One point about this episode cannot be ignored. Those absurdly offensive statements hurt the Buddhists, and therefore it was meet and proper that the perpetrator was subjected to action under the law. But what about all the offensive statements about Islam that hurt the Muslims deeply? Why were the perpetrators not subjected to action under the law? I refer to the most outrageous of all the insults to Islam in Sri Lanka: the demonstration in which Allah was imaged as a pig and burnt in effigy. The police performed their accustomed role of passive spectators. I believe they did a little more than that by restraining horrified Muslims who could have got out of hand – and perhaps that was wise. But why was there no legal action thereafter?

That leads to a crucially important question: what really is the strategy of the Sinhalese Buddhist State towards the SL Muslims? It was earlier expected that the anti-Muslim campaign would culminate in another gory July ’83 holocaust, this time against the Muslims. That is not the general expectation today, not because it is thought that the Government has developed moral scruples but because it fears the possible international repercussions. But other horrors can be perpetrated against the Muslims that are just as horrible as July ’83, possibly in the long run even more horrible. I have in mind the fact that the Sinhalese State seems to be in the grip of a fierce hierarchical drive aimed at establishing the Sinhalese Buddhists firmly and securely at the apex and relegating the Muslims to the position of outcastes. That seems to be the significance of the double standards to which I pointed above: punitive legal action against the Muslim but none against the Sinhalese. It is true that the culture of impunity applies to the Sinhalese as well, but not so consistently as against the Muslims, as shown during the anti-Muslim campaign of the last two years.

It should be beyond dispute that the Muslim strategy of political quietism has proved to be utterly disastrous: polishing the boot of Sinhala power has only earned good hard kicks on the backside. Just as well maybe, because the strategy of political quietism was essentially self-seeking, not aimed at the national good inclusive of the good of the Muslims. I have advocated a two-pronged strategy: struggle for the impartial application of the rule of law to all, and dialogue on the issues that have been bedeviling Sinhalese-Muslim relations for decades. The first, the struggle for the rule of law has a very particular importance. It has been a besetting vice of Muslims in the decadent phases of Islamic civilization to withdraw into themselves, to go into a self-imposed ghetto and limit their interaction with the others to the bare minimum. That goes against the greatest Sri Lankan need of the present hour: the need for national integration.

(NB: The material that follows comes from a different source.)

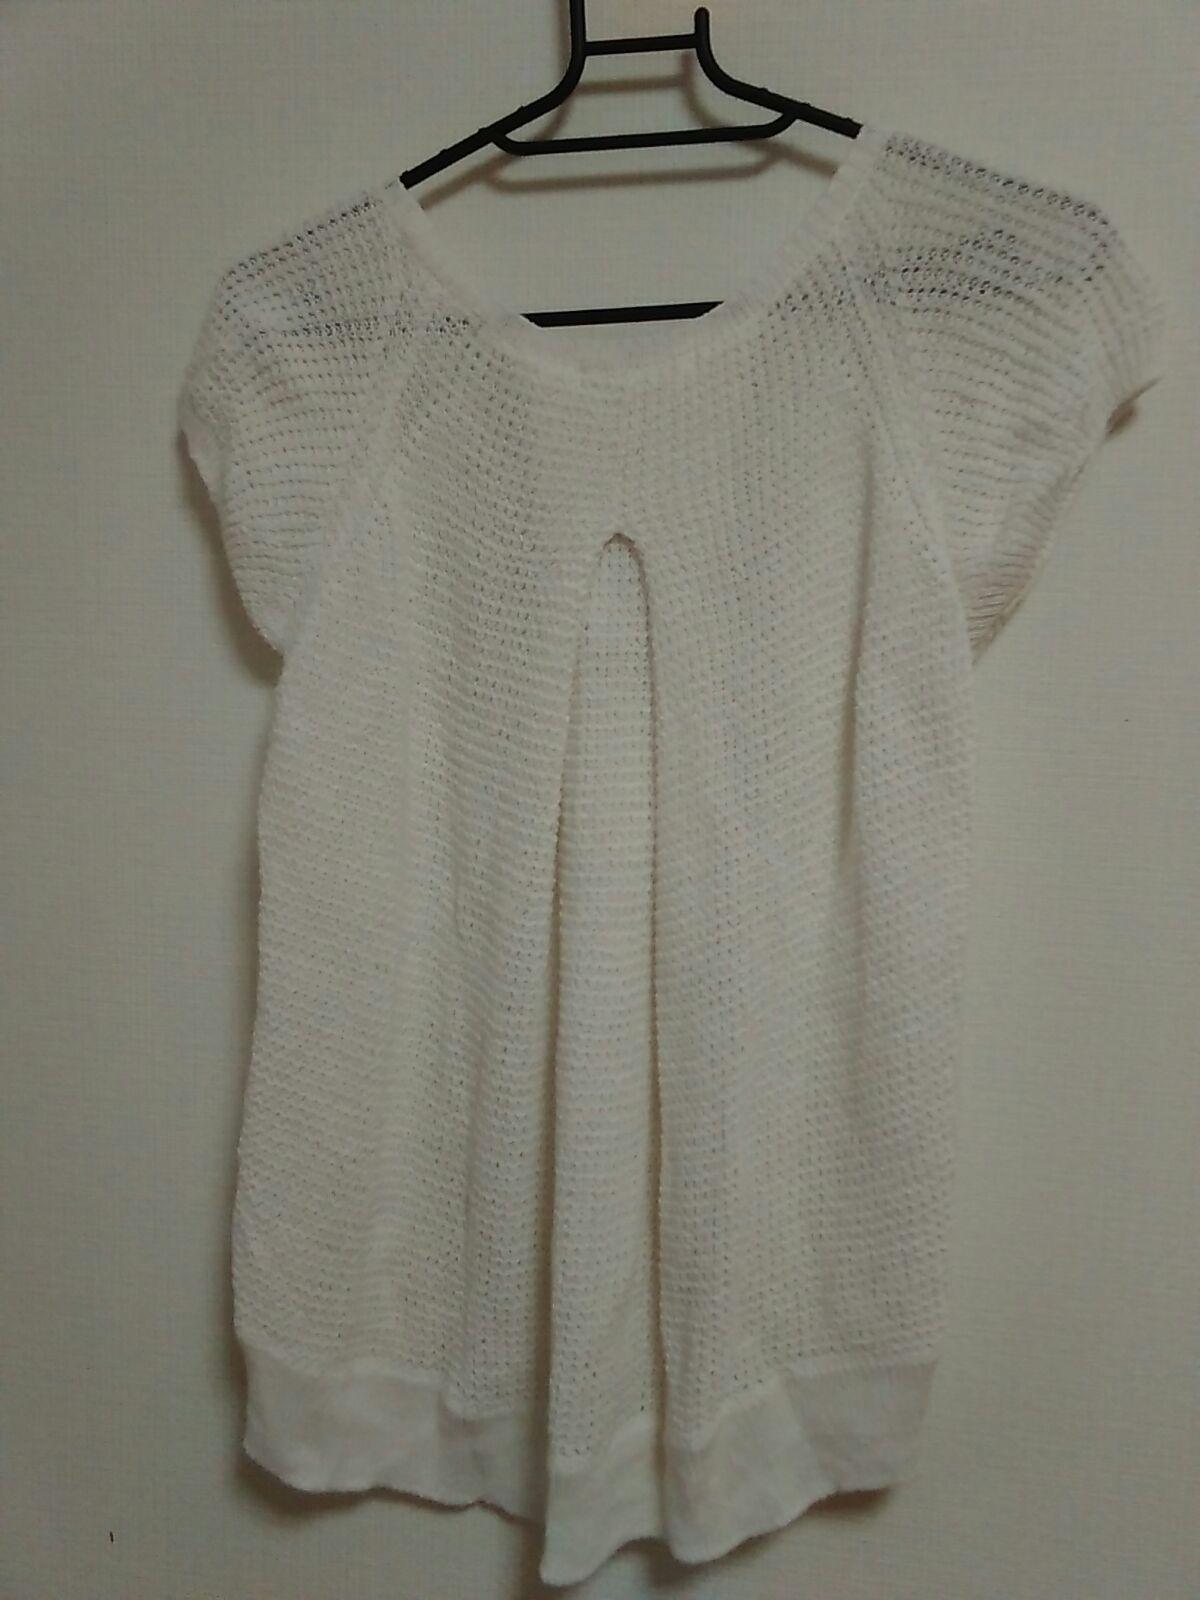 URBAN RESEARCH(アーバンリサーチ)のセーター

In struggling for the rule of law our Muslims will be making common cause with the Sinhalese and the Tamils in a common struggle for the national good.

There is one point in particular that our Muslims must bear in mind. Under the brutal and stupid rule of the 1977 Jay Gang the SL civil society was practically dead, not much more animate than a door-mat. In recent years it has been becoming vibrant in unexpected ways. It is not so vibrant, not so vital, as in India and the West but it certainly counts in the affairs of the nation. The SL Muslims can therefore make their struggle to live in peace and dignity part of the national struggle for a better Sri Lanka. I have in mind the splendid statement of the Bar Association of Sri Lanka against the BBS and in support of the Muslims (Island of May 22). Let the Muslims invoke the blessings of Allah on the heads of the BASL members, and let their names be inscribed in gold in the memories of the Muslims.